Write a custom callback `LearningRateProbe` to implement the above scheme. 

* The initializer should take the arguments `num_iterations`, `initial_learning_rate` and `final_learning_rate`
* The callback should set the optimizer learning rate to `initial_learning_rate` at the start of training, and then increase it by a factor of $q$ after each training iteration
  * The factor $q$ should be calculated to satisfy:
  
  `initial_learning_rate * q**(num_iterations - 1) = final_learning_rate`
  
* After each training iteration, the callback should store the learning rate values and the loss values
  
_Hint: the optimizer learning rate is a non-trainable TensorFlow Variable stored at `model.optimizer.lr`, for a compiled model.

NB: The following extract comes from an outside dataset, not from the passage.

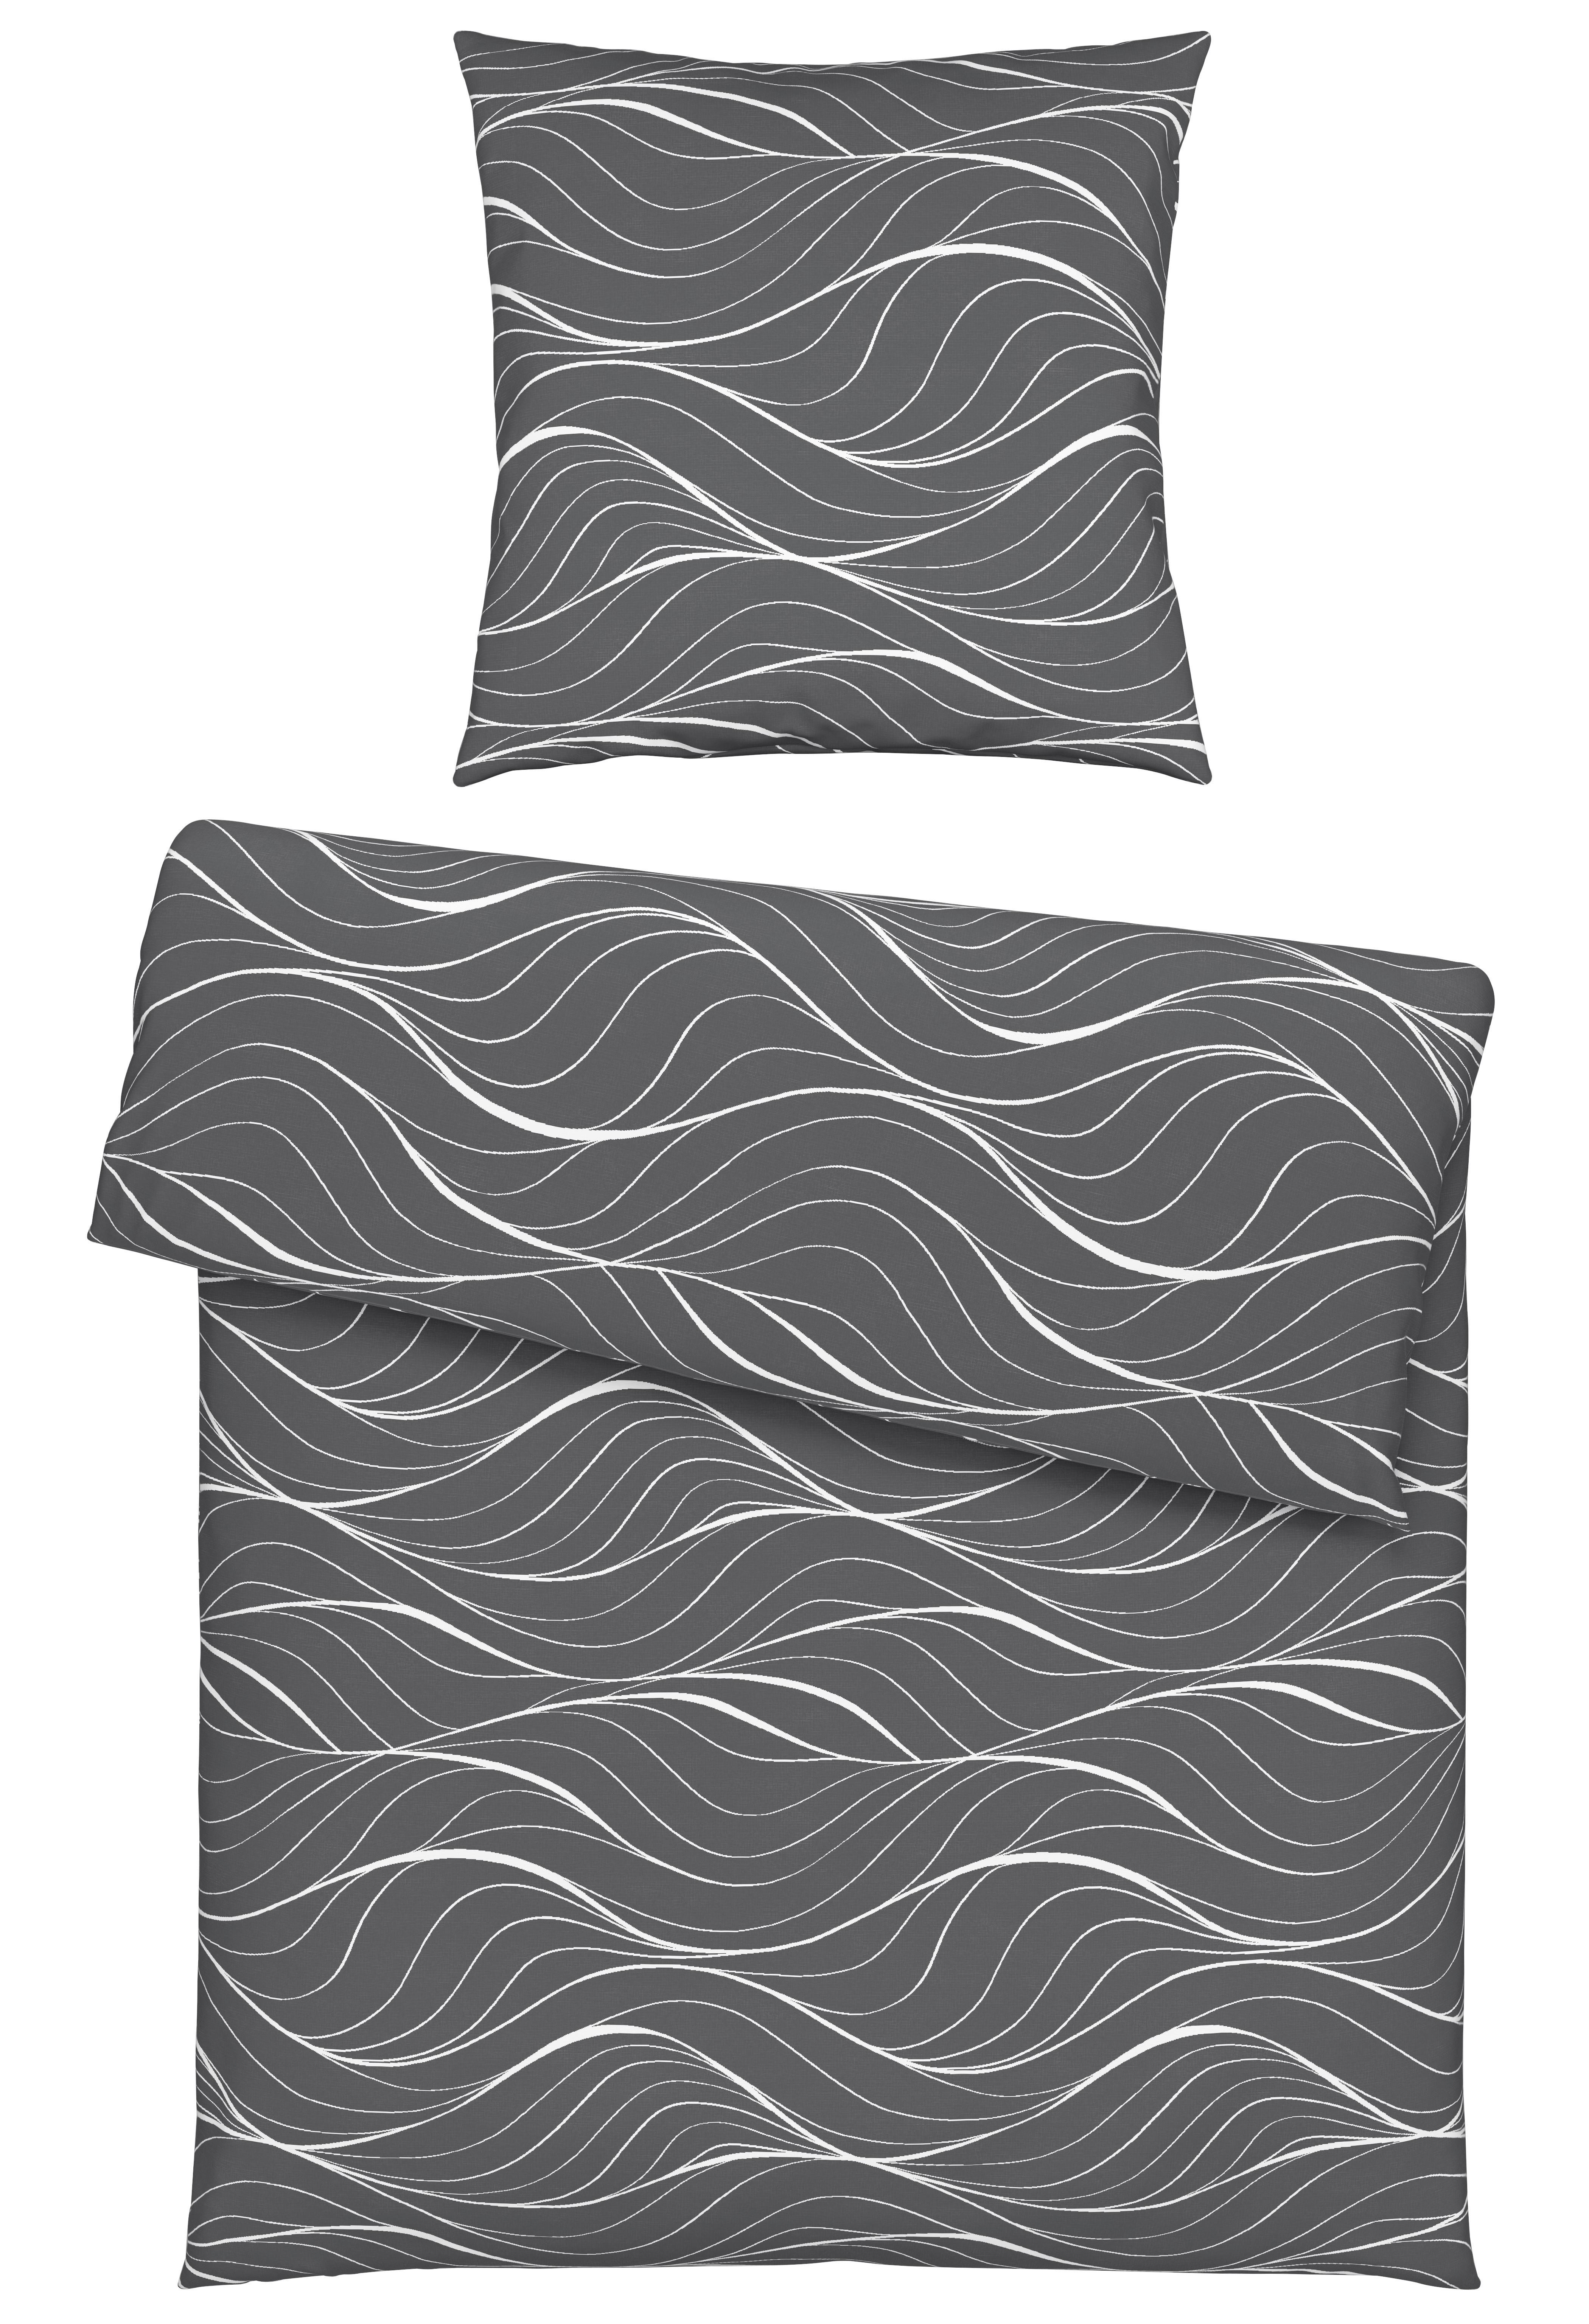 Bettwäsche Waves in Anthrazit ca. 135x200cm - Anthrazit, Textil (135/200cm) - Modern Living

This Variable should be updated after each training iteration as above._ **(18 marks)**

d) Use your `LearningRateProbe` callback to collect the loss values from training your (freshly initialized) model from part a) for a single epoch on the MNIST training data, with the batch size of 64.

* Set `num_iterations` to 938 (number of batches of size 64 in a single epoch through a training set of 60,000 examples)
* Set `initial_learning_rate` to $1e-8$
* Set `final_learning_rate` to $10$
* Train your model for 1 epoch, passing in your `LearningRateProbe` custom callback object
* Plot the loss values against the learning rate, using a log scale for the x-axis
* Calculate the learning rate that minimizes the loss curve, and suggest a good learning rate for this model, dataset and optimizer

**(10 marks)**